Science standards vary widely from state to state and school to school, but the thinking skills taught by science are universal. Most elementary schoolers will get an introduction to sound, electricity, plants, animals, and the three states of matter (solid, liquid, and gas). The National Science Education Standards — the jumping-off place for many states — lists important topics and thinking skills for kindergarten through high school.
The topics below are examples taken from several states and therefore merely guidelines. To see how your child's schoolwork compares, check out your state's science standards.
First-graders learn about the world around them through observations and experiments. They’ll be encouraged to use their five senses to observe and describe changes in objects they encounter. Expect first-grade teachers to introduce some or all of the following concepts:
Living things and their habitats: Living things need food, water, space, and shelter to survive. Plants and animals live in particular habitats.

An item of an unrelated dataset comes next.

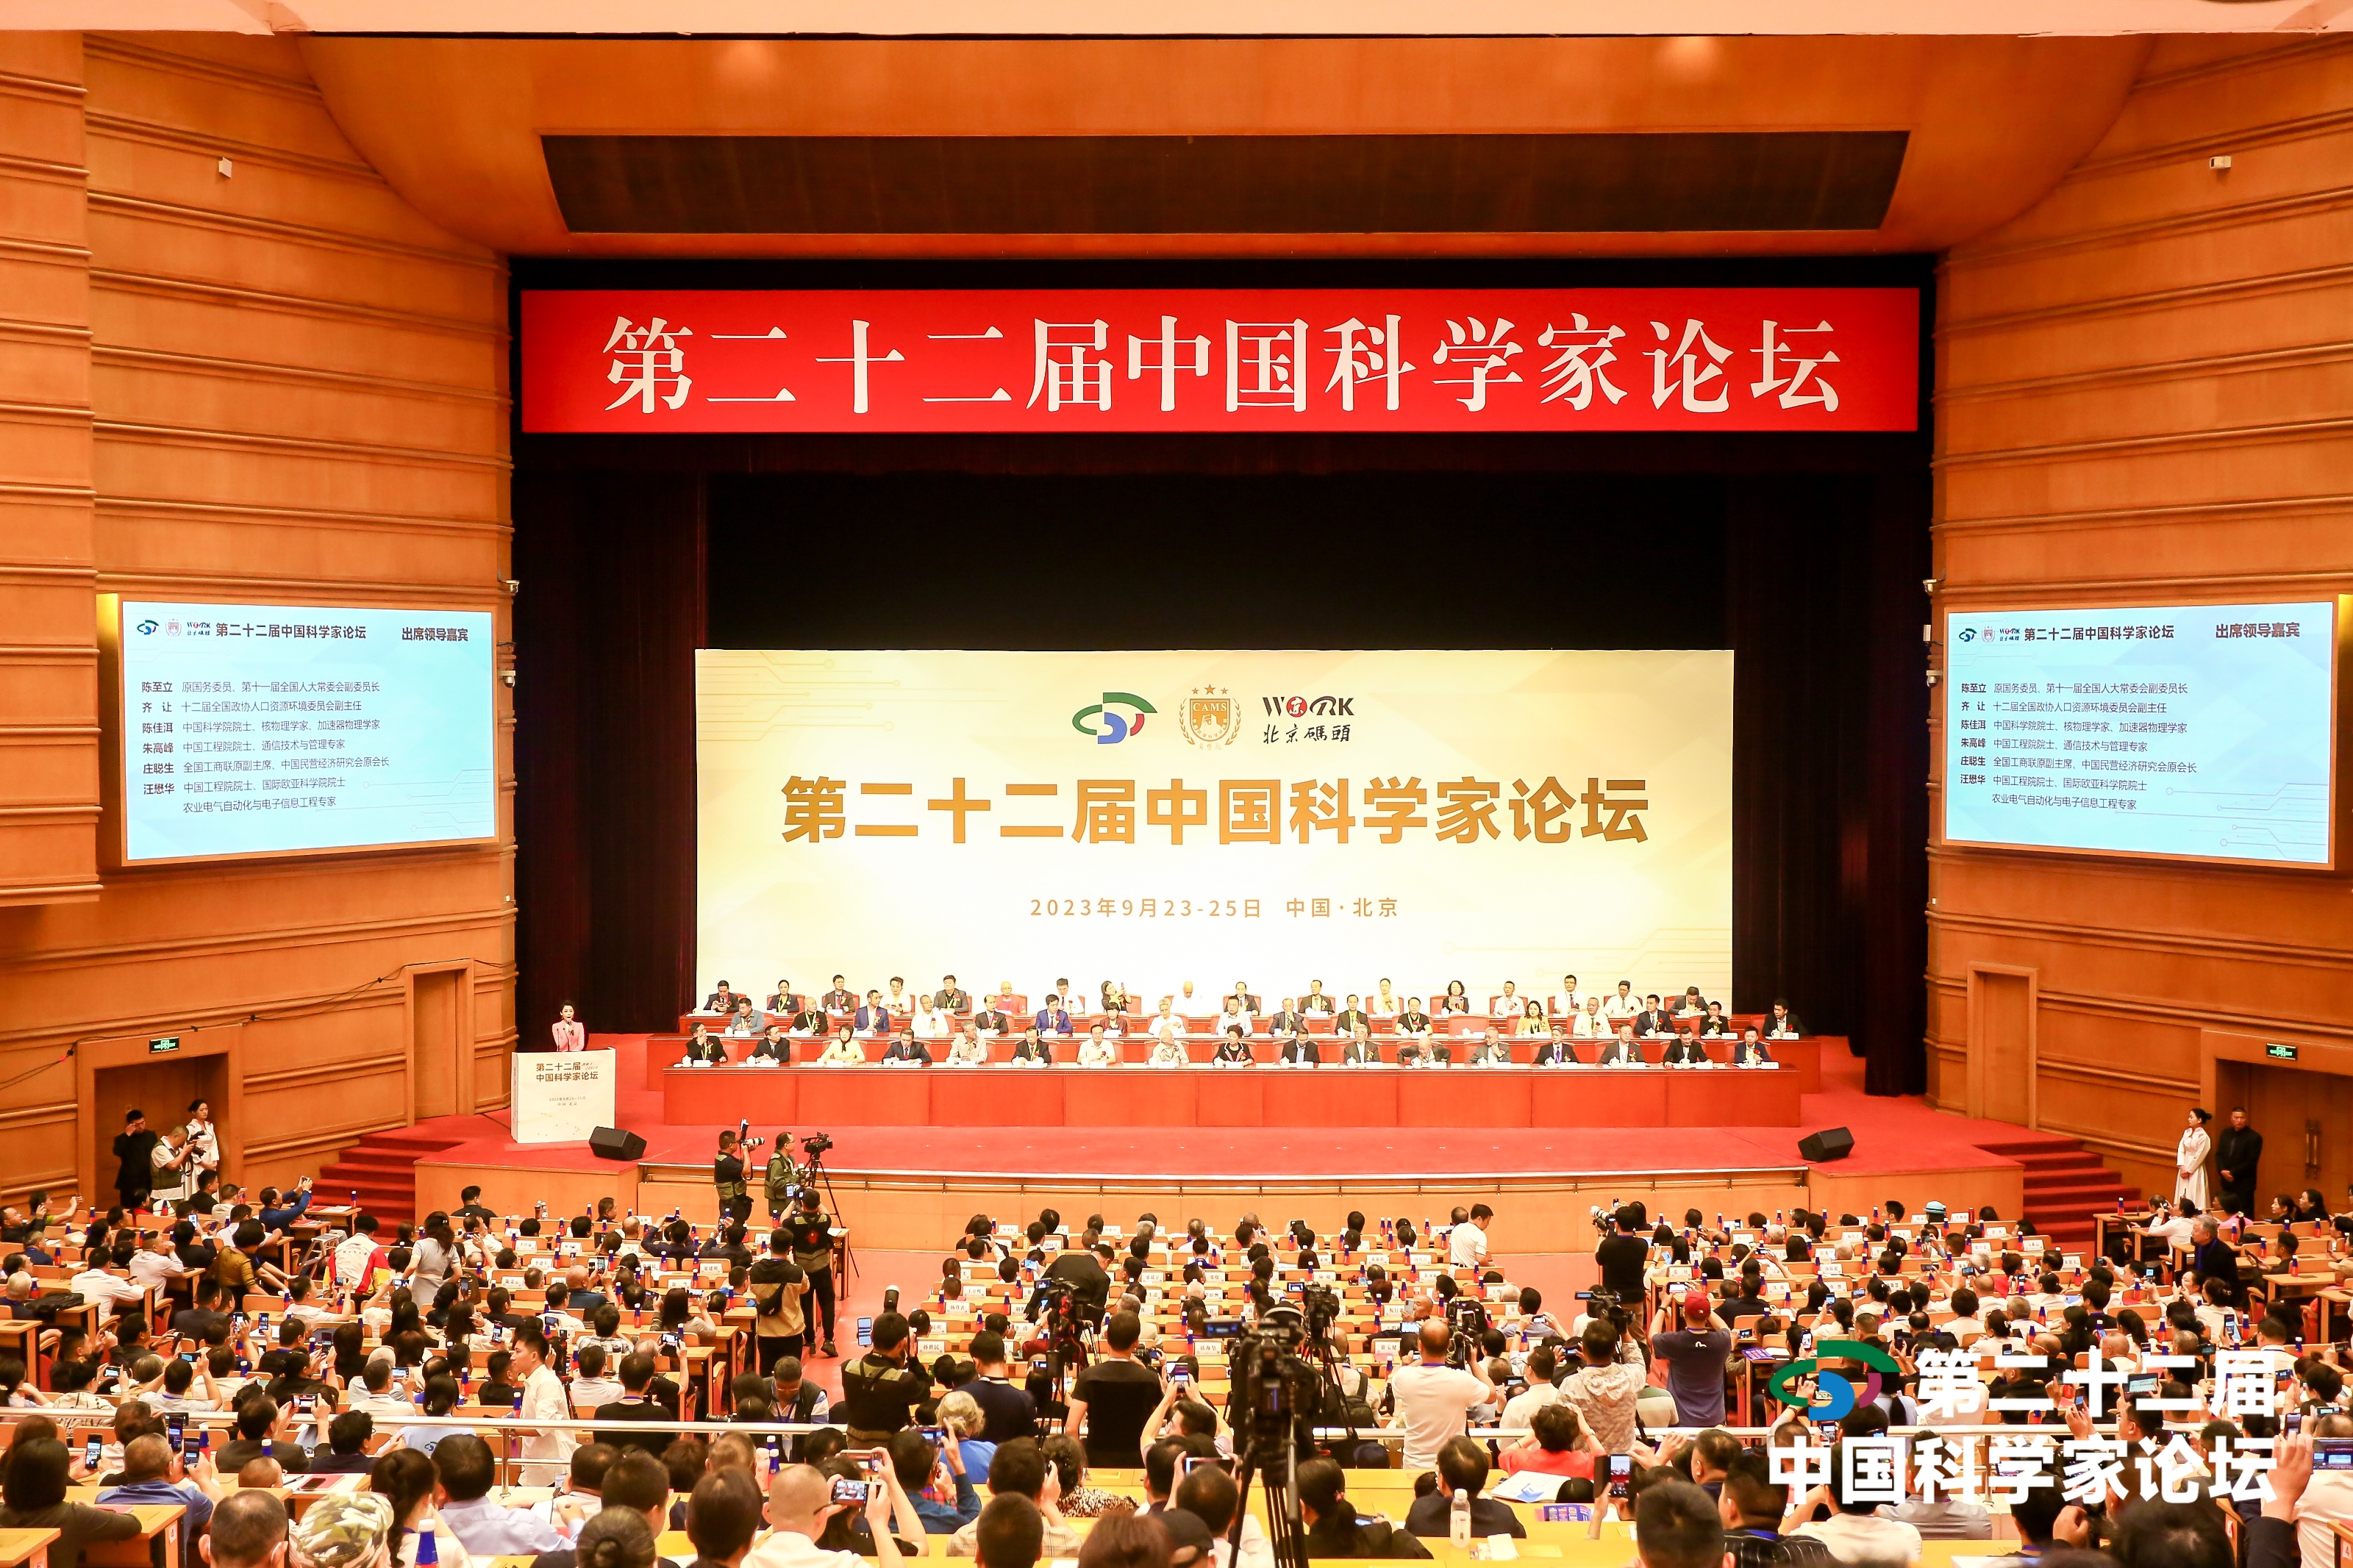 朱潛榮董事長受邀出席第二十二屆中國科學家論壇

First-grade teachers typically teach students to do experiments and record observations. A teacher might help the class understand that for electric circuits to work, there needs to be a circular path, from a battery to a light bulb and back to the battery. The teacher might ask students to find as many arrangements as they can to light a bulb with a battery and wires, and compile the class results. Throughout the experiments, children should be encouraged to observe, ask questions, and communicate changes that they notice.
First-grade science often includes a unit on the work and lives of famous scientists like Louis Pasteur and Thomas Edison.
Parents can expect their first-grade scientists to learn about the physical world. To understand that air actually has a weight, they might compare the weights of a full and empty balloon on a balance. Likewise, a teacher might introduce life cycles by setting up an area where students watch caterpillars spin cocoons and become butterflies.
More important than the scientific facts at this stage is children’s ability to observe, ask questions, record, and communicate what they experience. For example, a first-grade teacher might introduce the concept that sound is caused by vibration by asking students to explore with rubber bands, tuning forks and other sound makers what they can see, hear, and feel.
"In first grade, students can be expected to record in words as well as drawings what they've done and what they think," says Fred Stein, our science curriculum consultant.